**Data section:**
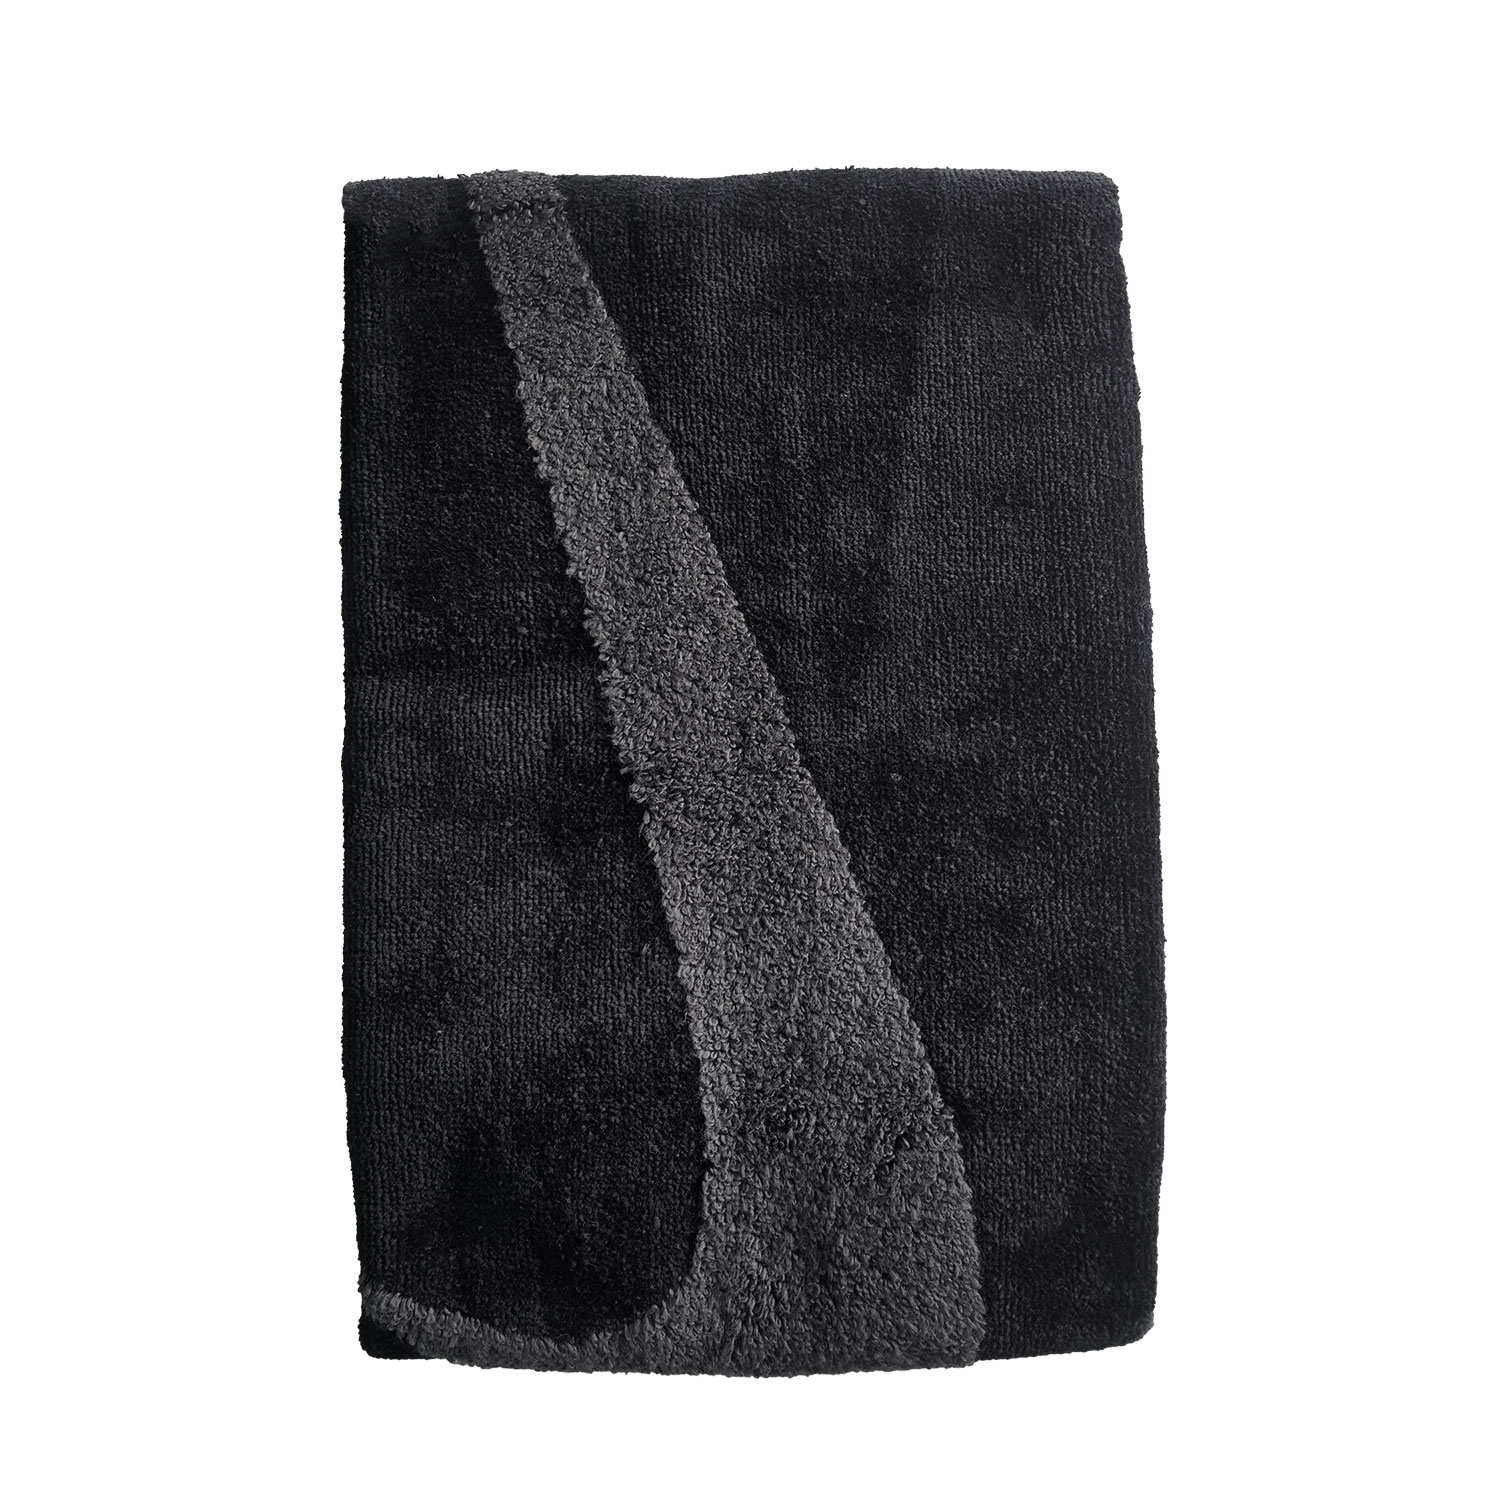 Nike Medium Sport Towel - Black/Anthracite
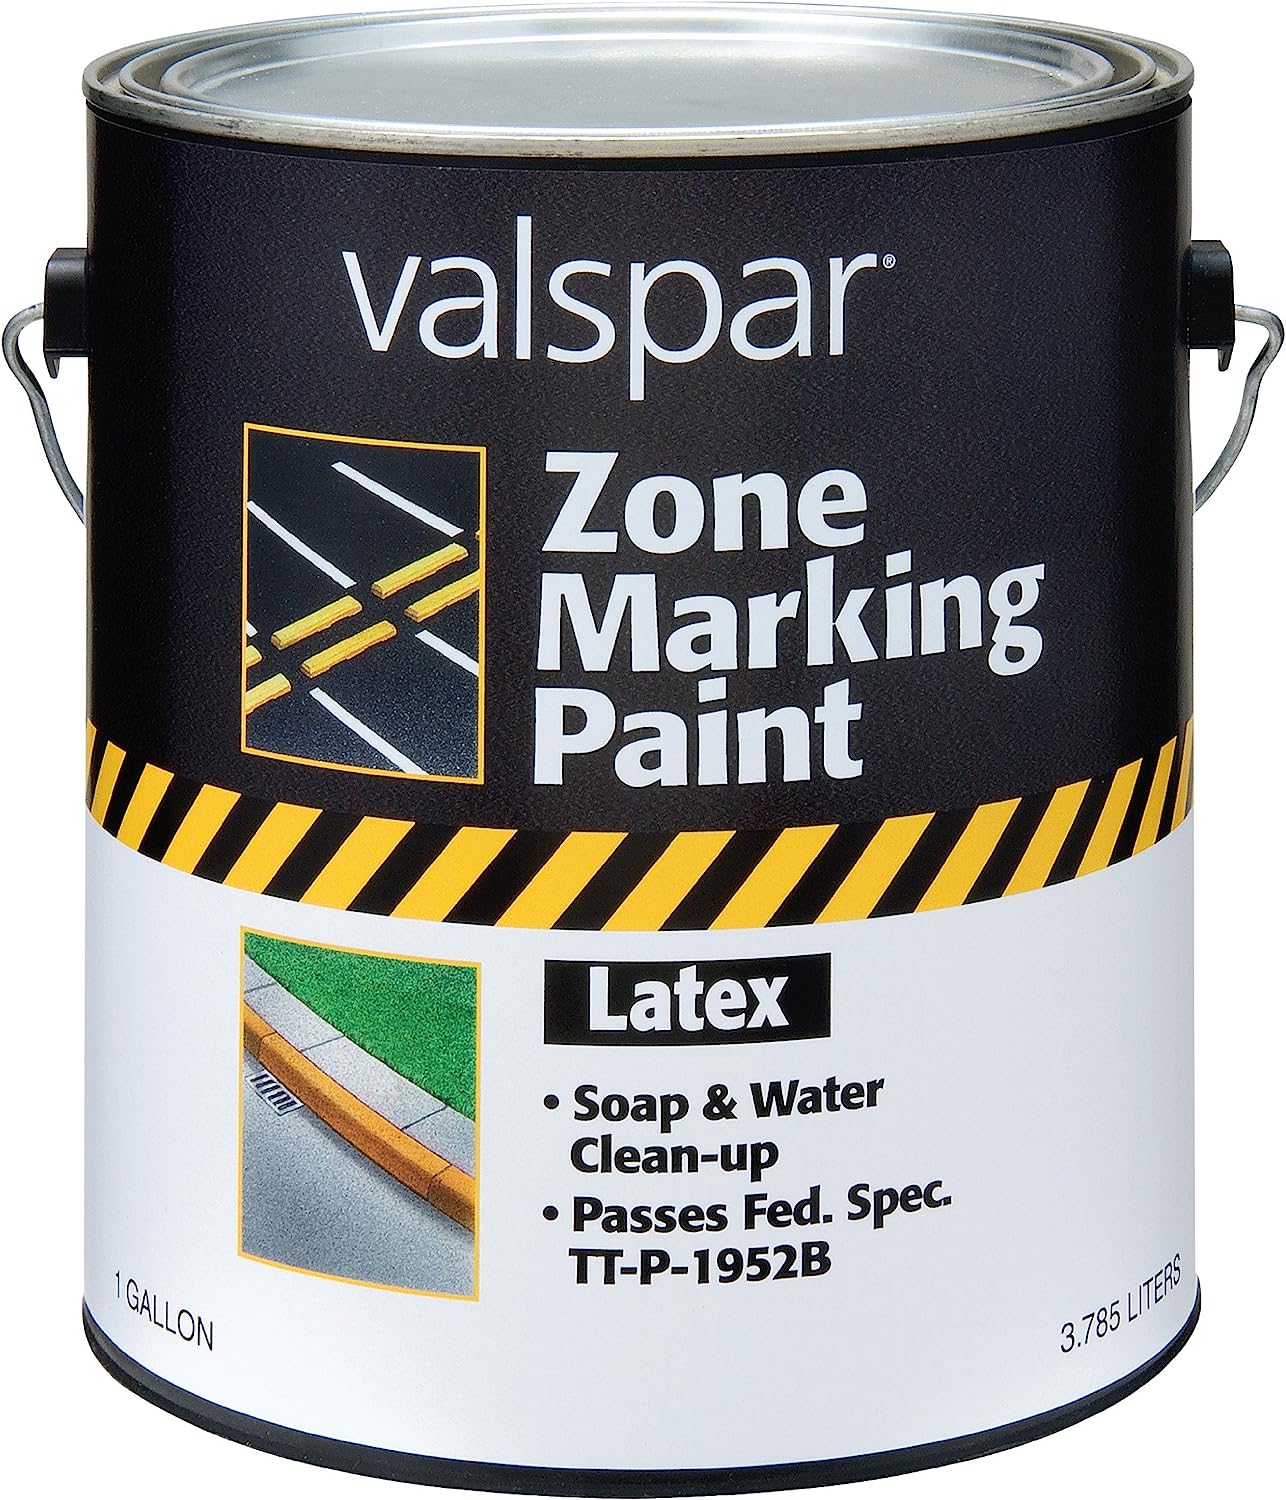 Valspar 24-137G Blue Latex Zone Marking Paint - 1 Gallon
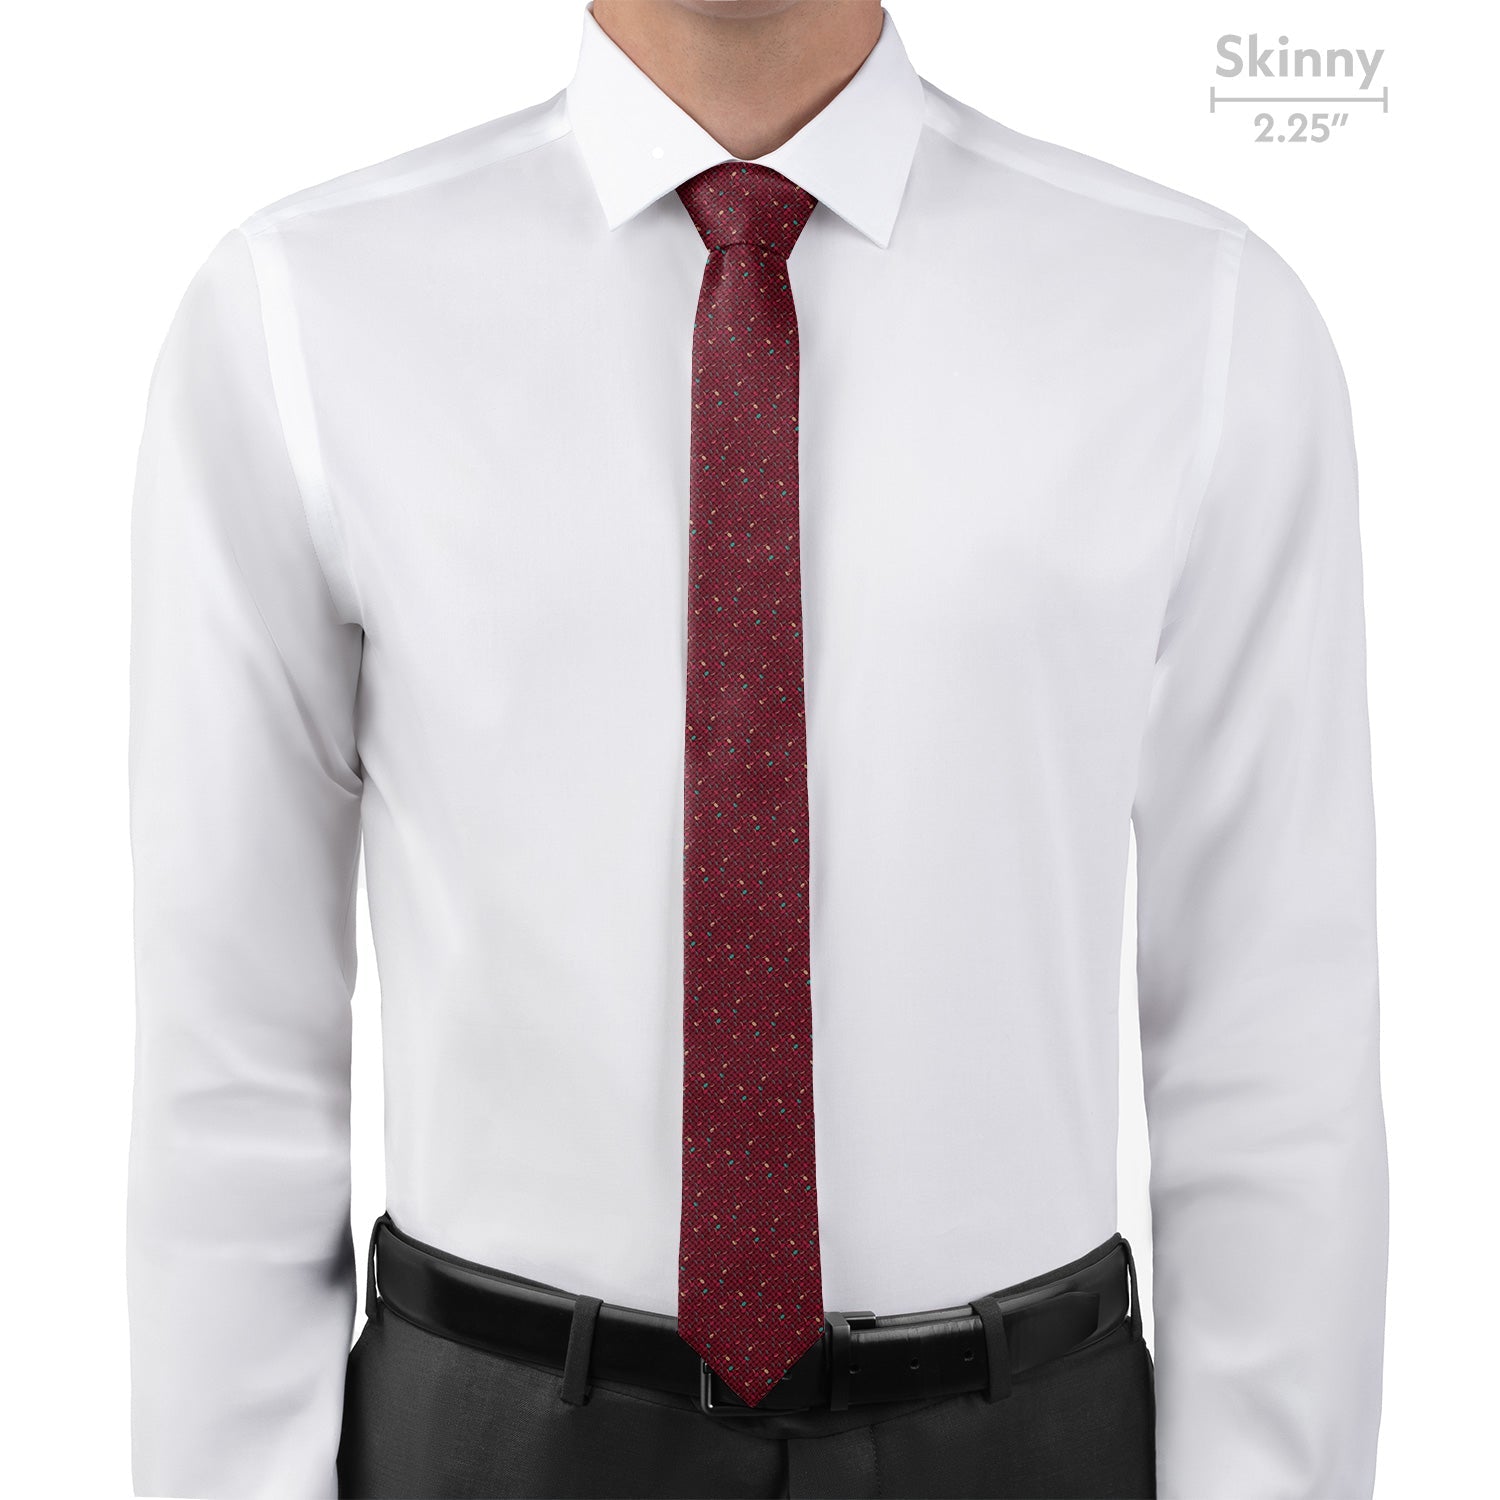 Speckled Necktie - Skinny 2.25" -  - Knotty Tie Co.

**Exercise instructions:** Starting at the line with "Valspar 24-137G Blue" and stopping at the final line of the material, reproduce each line exactly, both ends included. Leave the pictures out.

**Task output:**
 Valspar 24-137G Blue Latex Zone Marking Paint - 1 Gallon
 Speckled Necktie - Skinny 2.25" -  - Knotty Tie Co.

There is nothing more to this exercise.